__WHAT IS REQUIRED__
Because the images are not wanted, restate every line below word for word without them.

__AVAILABLE DATA__
::::::

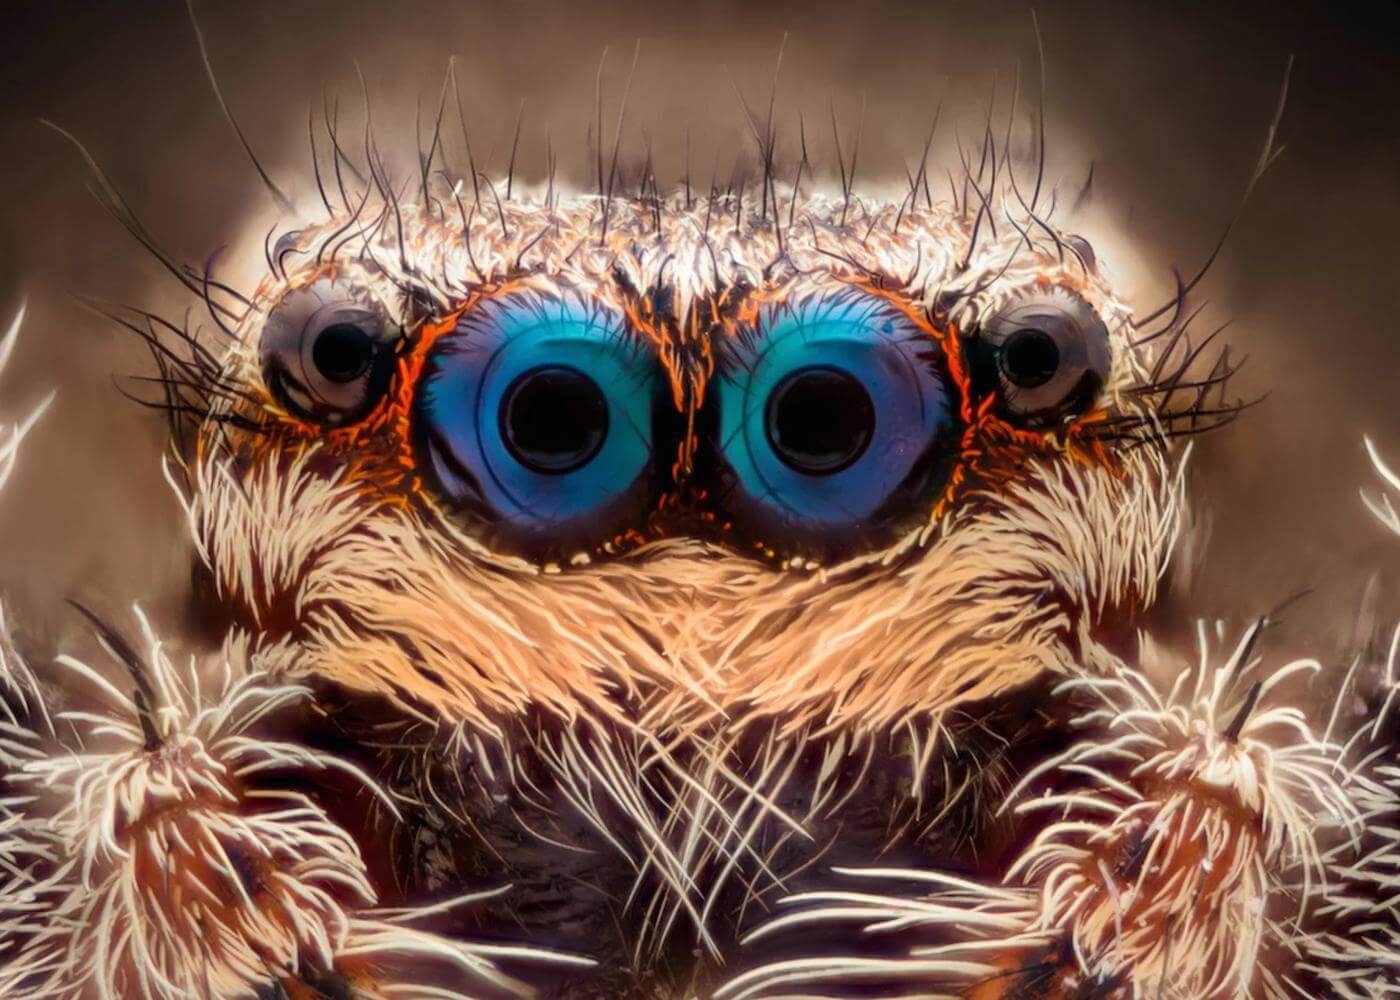 Berbeda dengan laba-laba lainnya, laba-laba peloncat (Phidippus audax) memiliki penglihatan yang sangat baik yang membantunya menemukan mangsa. Ia dapat melihat hampir ke segala arah dengan kedelapan matanya
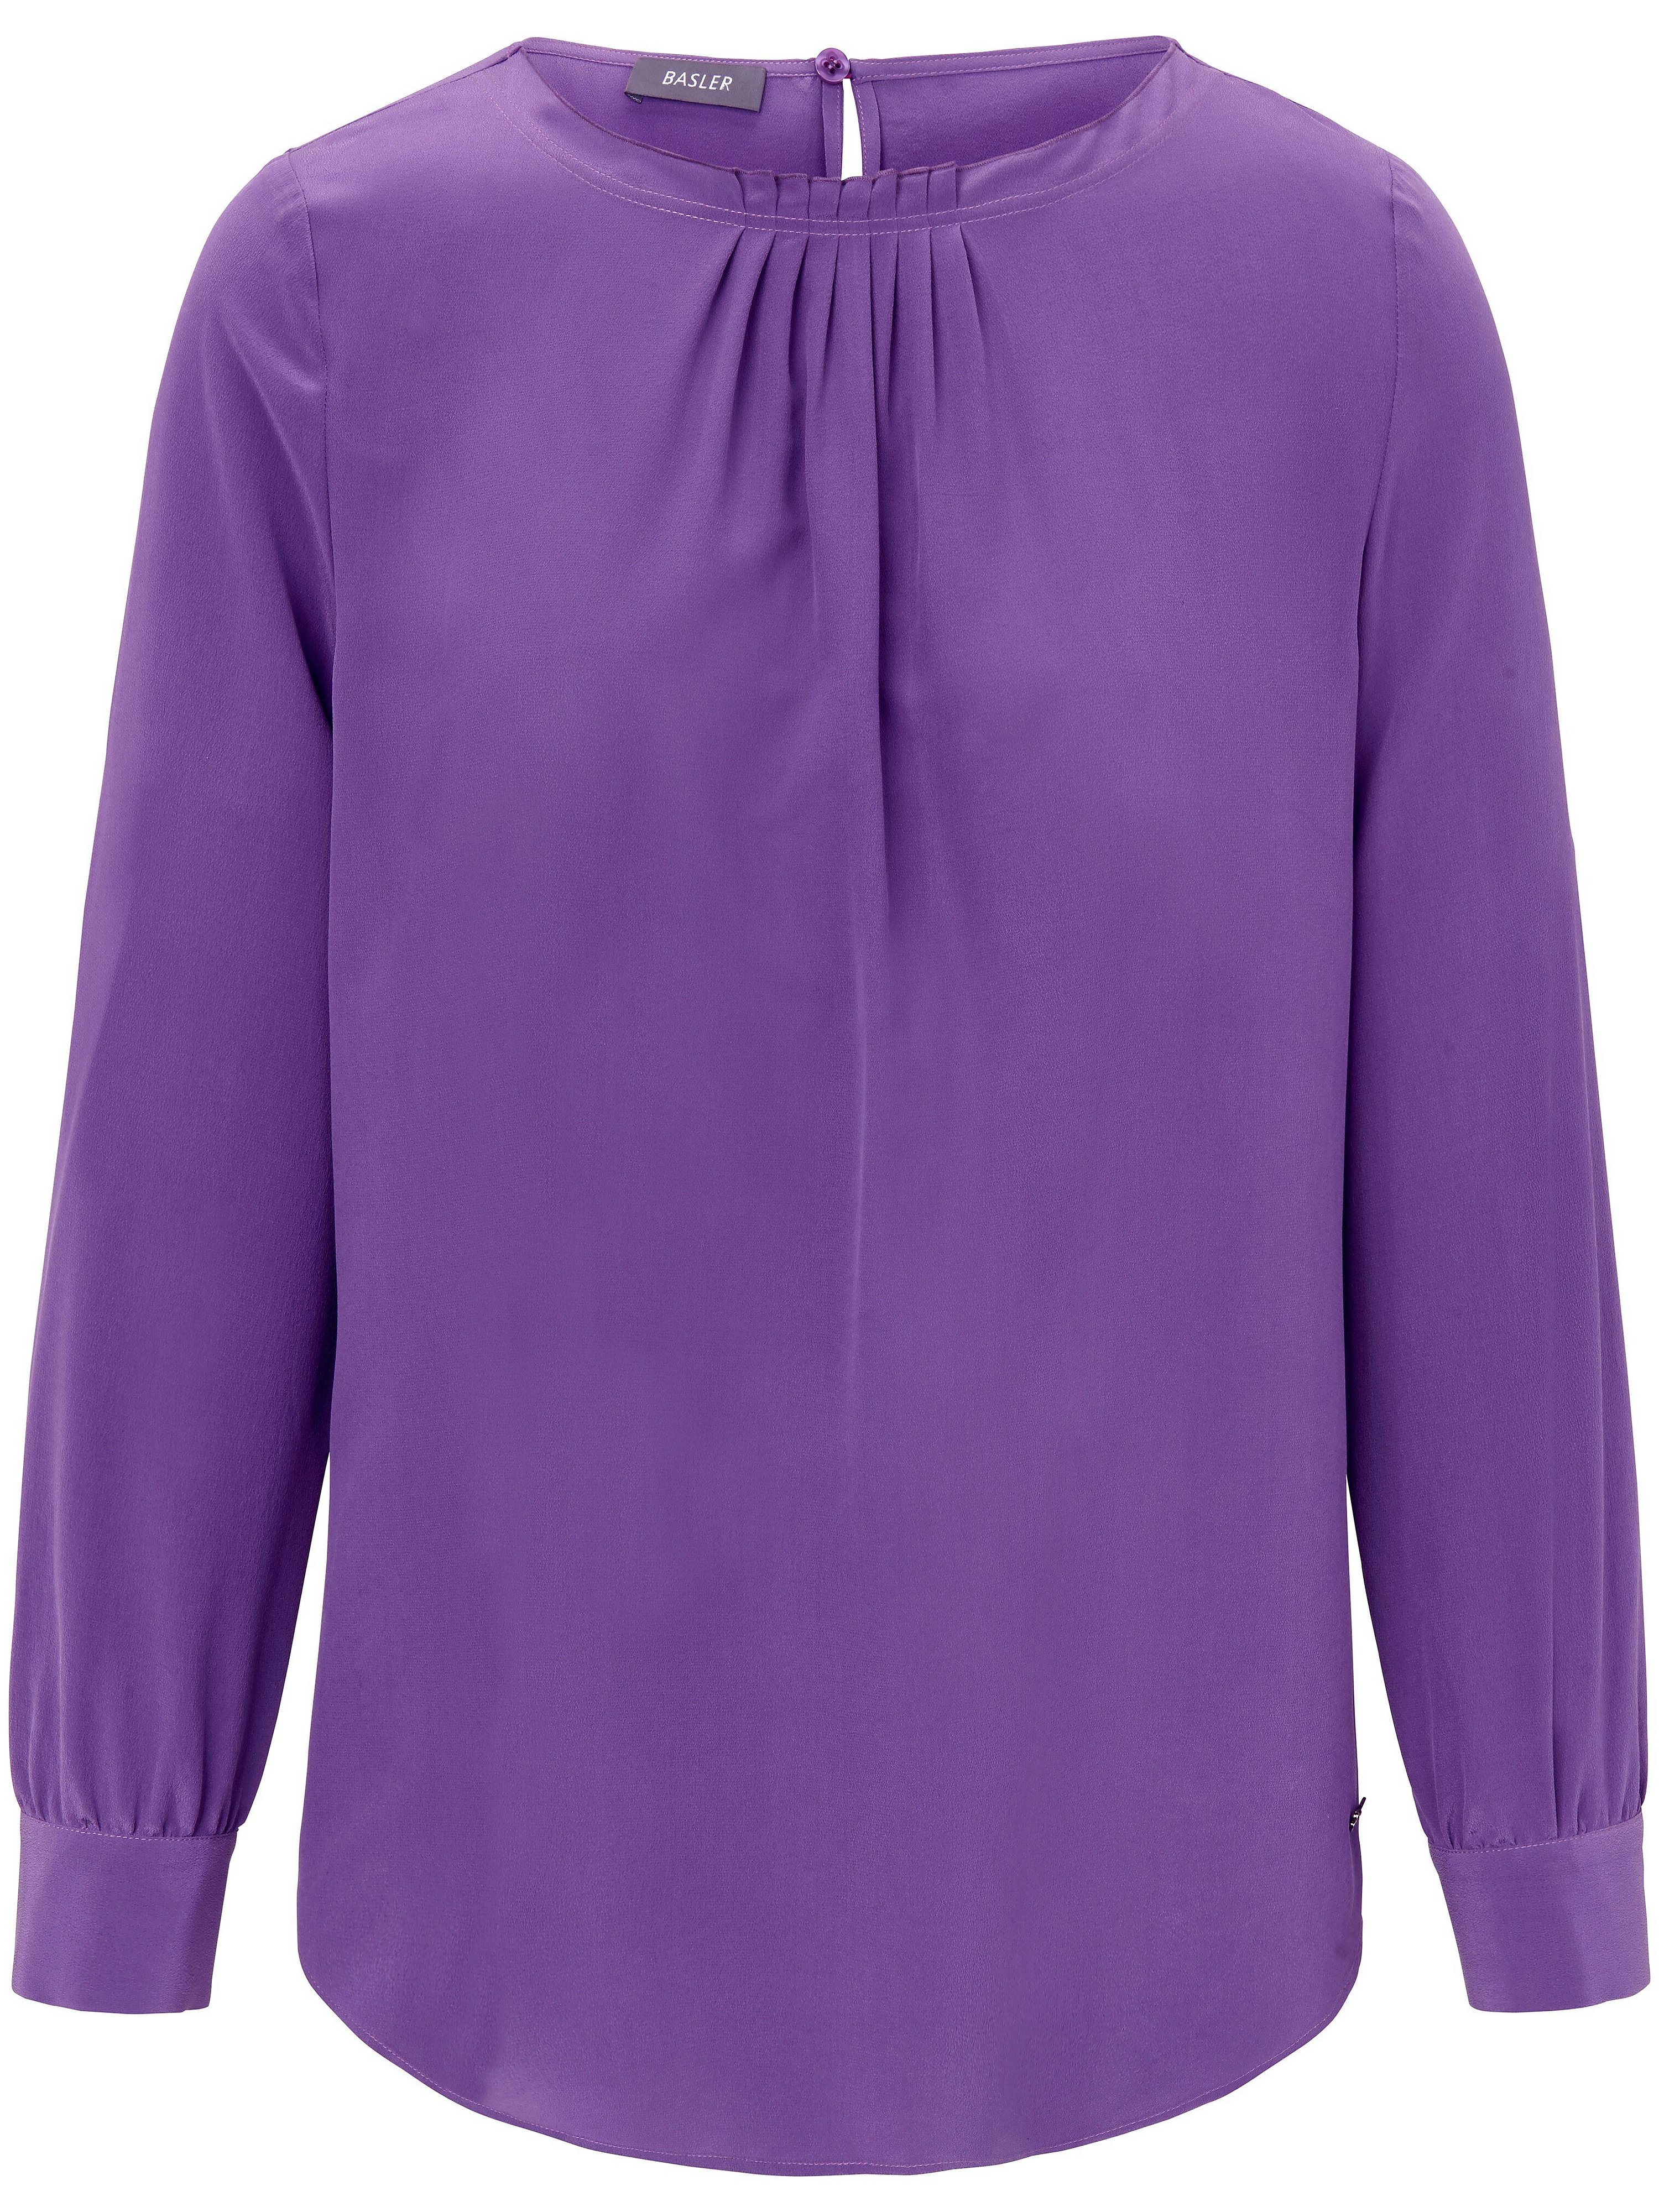 La blouse 100% soie  Basler violet taille 40
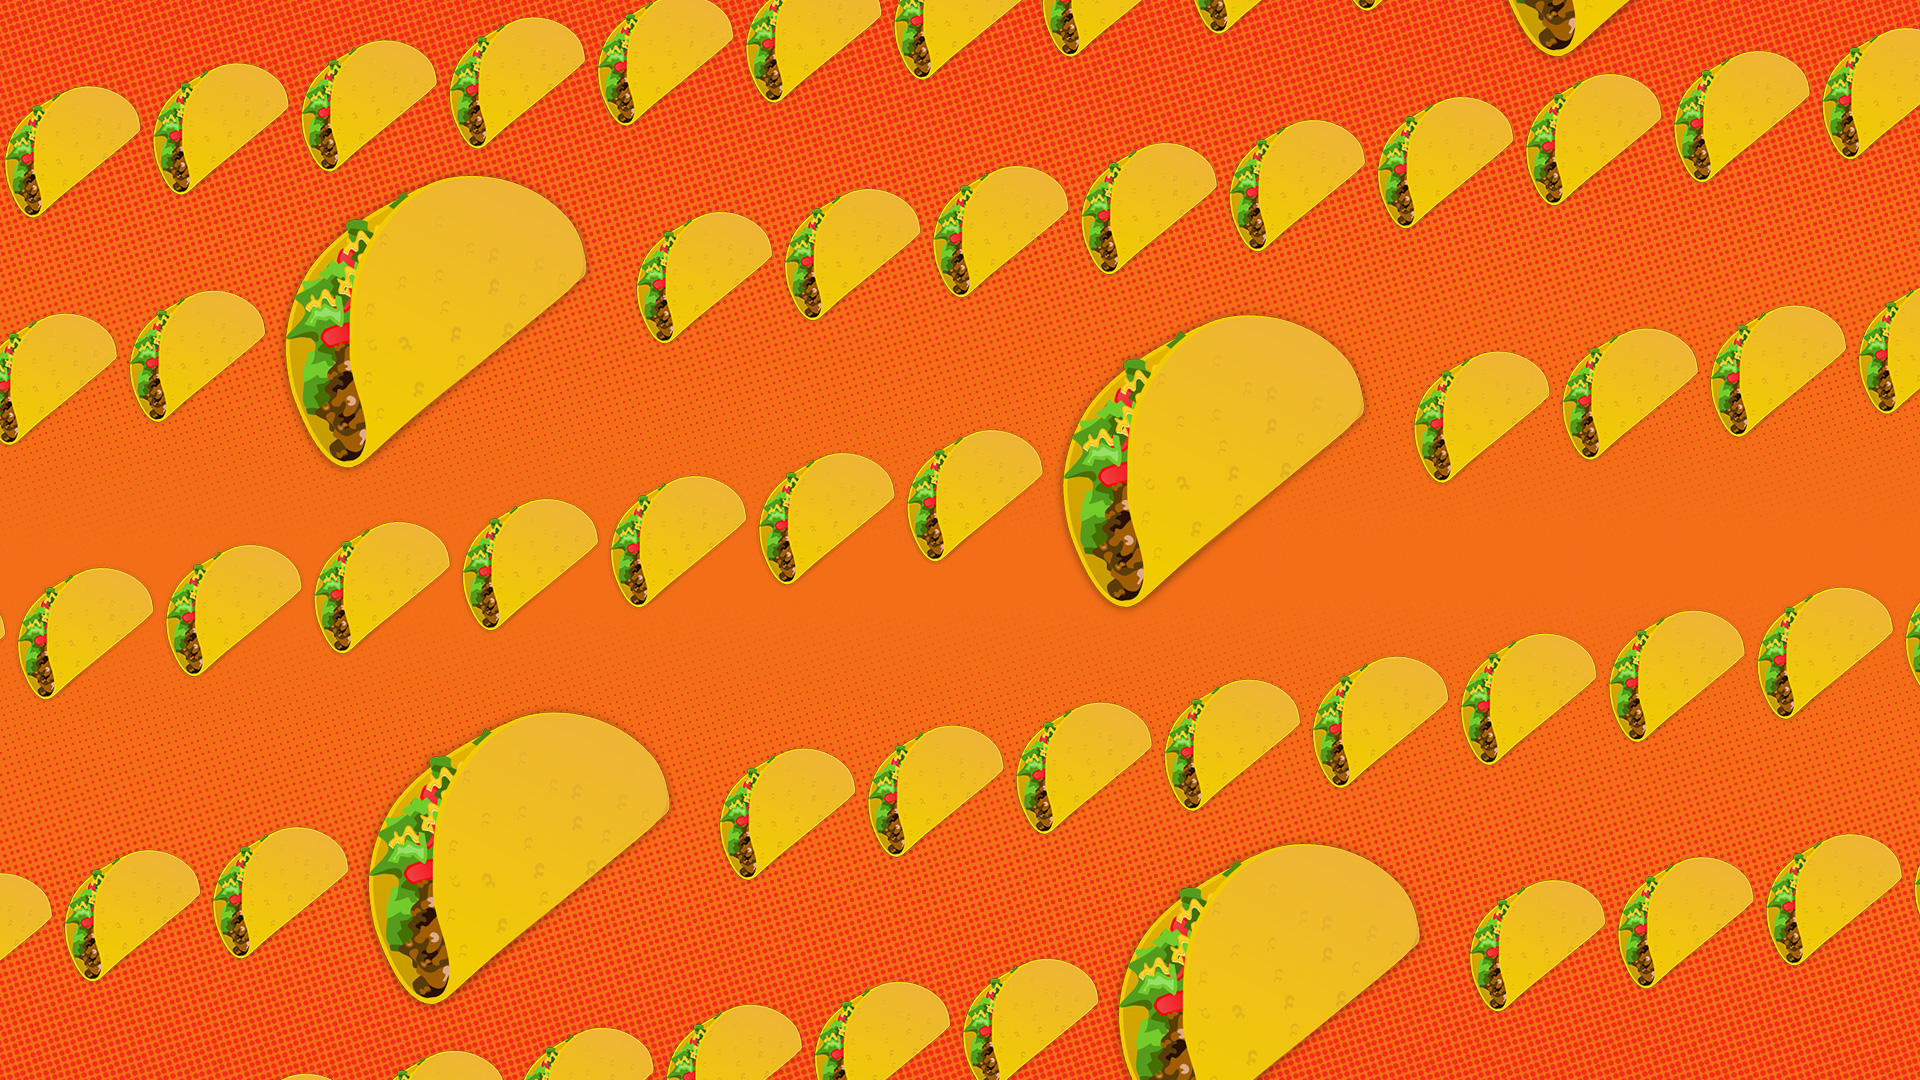 Taco Wallpaper Images  Free Download on Freepik

::::::

__OUTPUT OF THE EXERCISE__
 Berbeda dengan laba-laba lainnya, laba-laba peloncat (Phidippus audax) memiliki penglihatan yang sangat baik yang membantunya menemukan mangsa. Ia dapat melihat hampir ke segala arah dengan kedelapan matanya
 La blouse 100% soie  Basler violet taille 40
 Taco Wallpaper Images  Free Download on Freepik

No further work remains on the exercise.